Normally you’d hire a guy to teach us all. How many of you work for consulting
organizations ….? Let me just cheat and get to the punch line of this story. The idea
consultant was the … turns out were a bunch of BestBuy employees who normally were
selling DVD players and TVs on the floor of BestBuy all over the country, who came in
and wrote the system. Here is Scott McIntyre, who I talked to, who explained what
happened. I had to ask about this four times to get convinced that “You mean the IT
production system that ended up on the floor was written by BestBuy field employees
who just came in for two weeks, to hack, and then went home.” This didn’t generally fit
my model of how stuff was supposed to get done.
[Video/Scott]
We actually got a request for an estimate on how much this was going to cost. The
thing was, it was going to end up costing us $6.5 million. The company that was
going to build it for us said, “We could probably have a proven concept out to a test
district, which is about ten stores, in about eight months to a year.” We got six
employees up to the corporate office, paid for their travel, paid for their hotel, and
ended up spending about $250,000 and six weeks later we have proof of concept
out to that test district.
Peter:
Most of the money was spent on hotels and pizza. The kids were so young they couldn’t
rent cars. They were just happy to come out and do it. When the system went live – this
would be the numbers here.
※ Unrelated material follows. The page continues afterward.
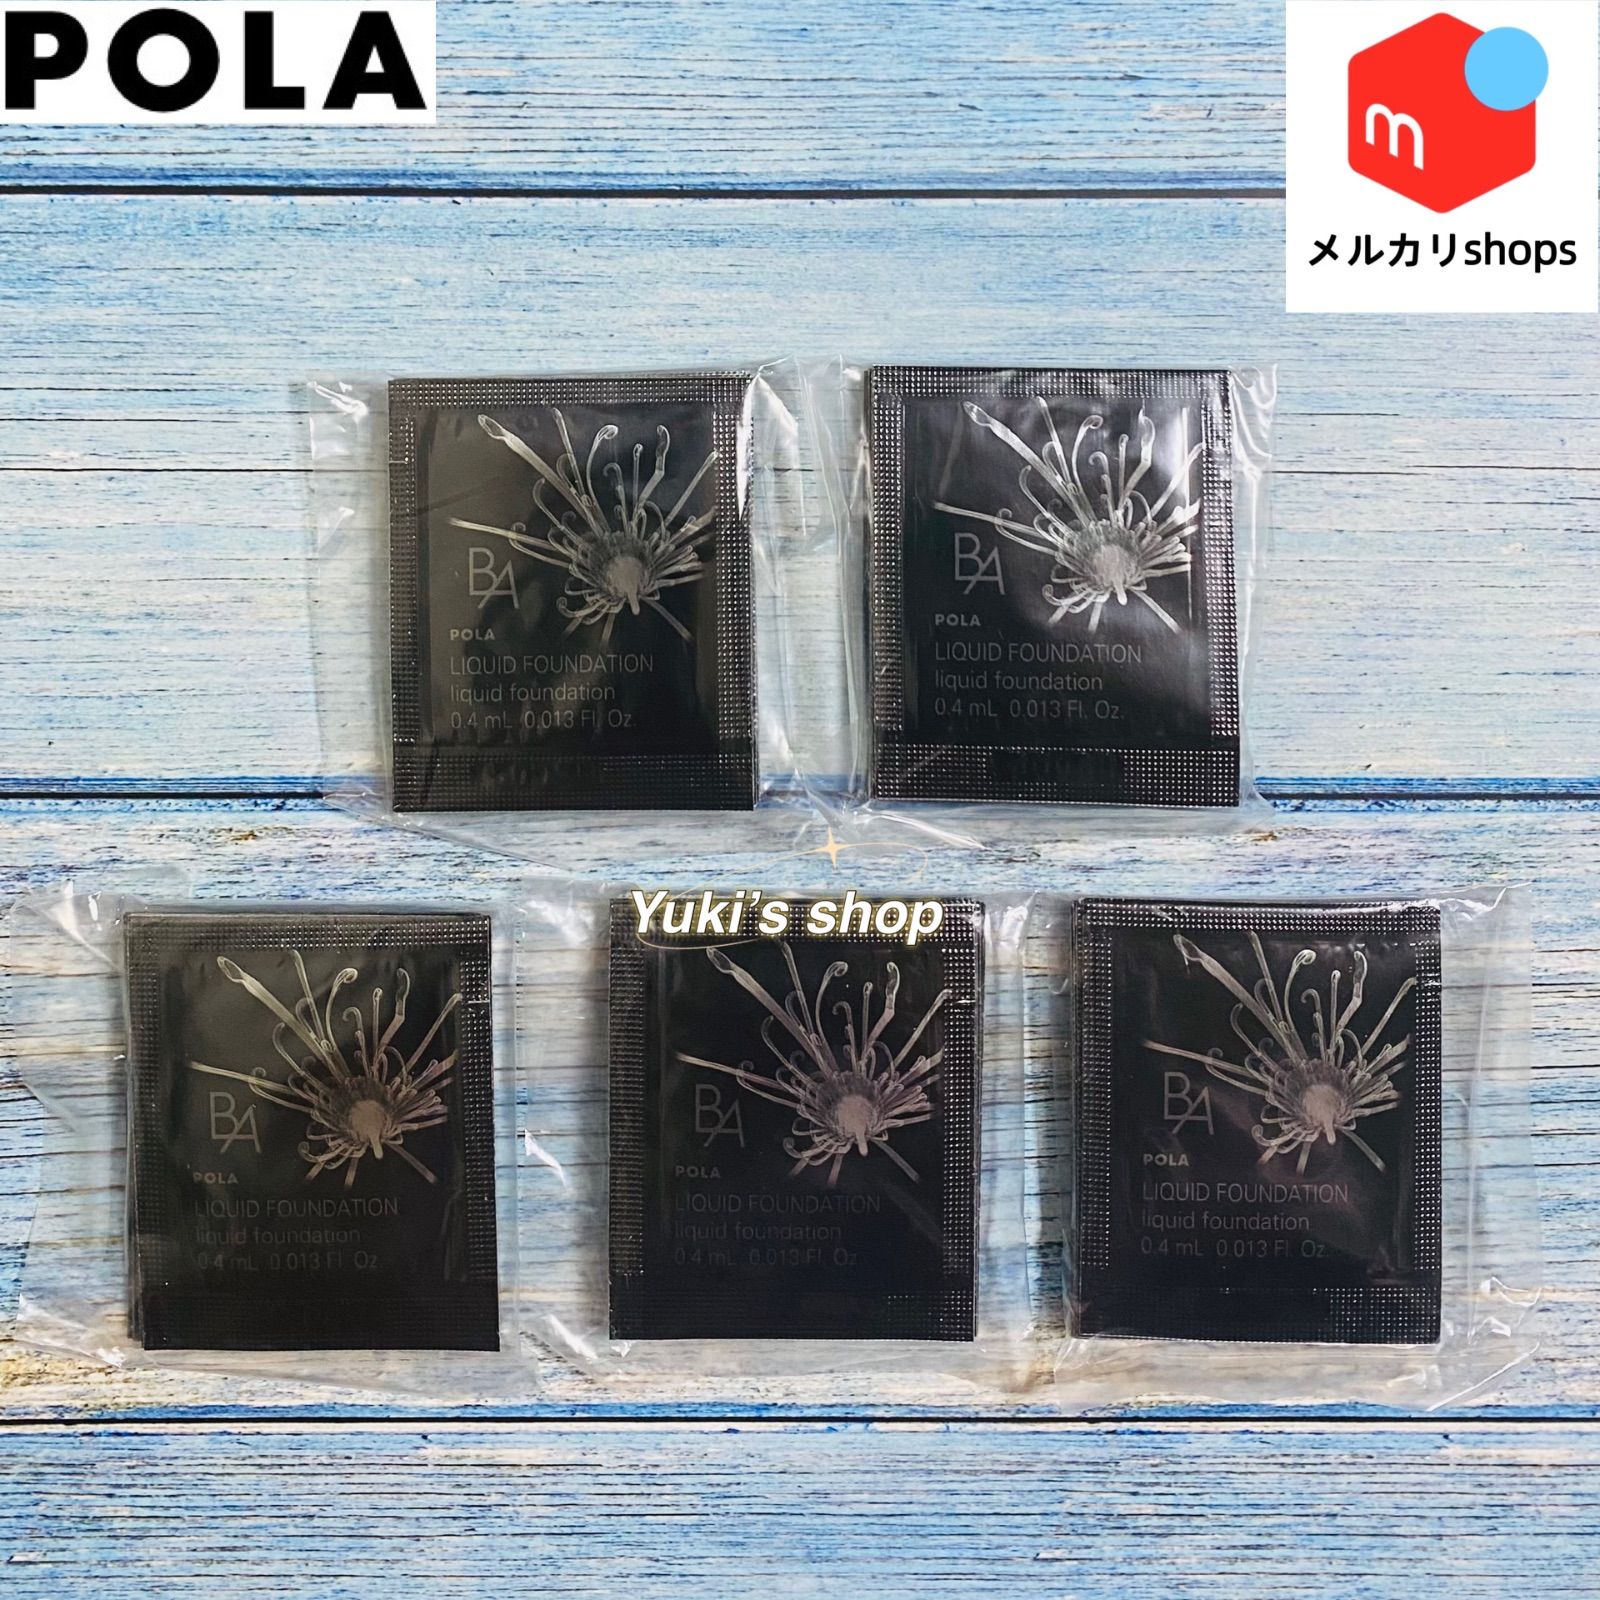 新発売 POLA BA リキッドファンデーションN3 0.4ml ×30包 - BBクリーム

It was $250 thousand, as opposed to what the initial system
wanted, and it was in a fraction of the time.
When the system was built, the IT department tried to call up the ISP that hosted this
thing and it came up and said, “Don’t launch that.” They were so scared. They didn’t
want to launch officially because something bad would happen. I think unofficially it was
if that went live, it would raise an awful lot of questions about the….. Fortunately, the
contract was written between the training departments that did this. The ISP went live.
There was one support request in two years. They now recovered an entire … which as
it turns out, a bunch of people who know a lot about computer science and networking
actually work at BestBuy because it’s a good summer job. They are doing systems and
… it just bubbled up from the bottom.
I’m going to move on because the video clip that I have tells that story but I think we kind
of covered that story. Do you want to do a break now?
Andrea:
We can; quick break and be only … and we’ll be back at 3:20 for the second part.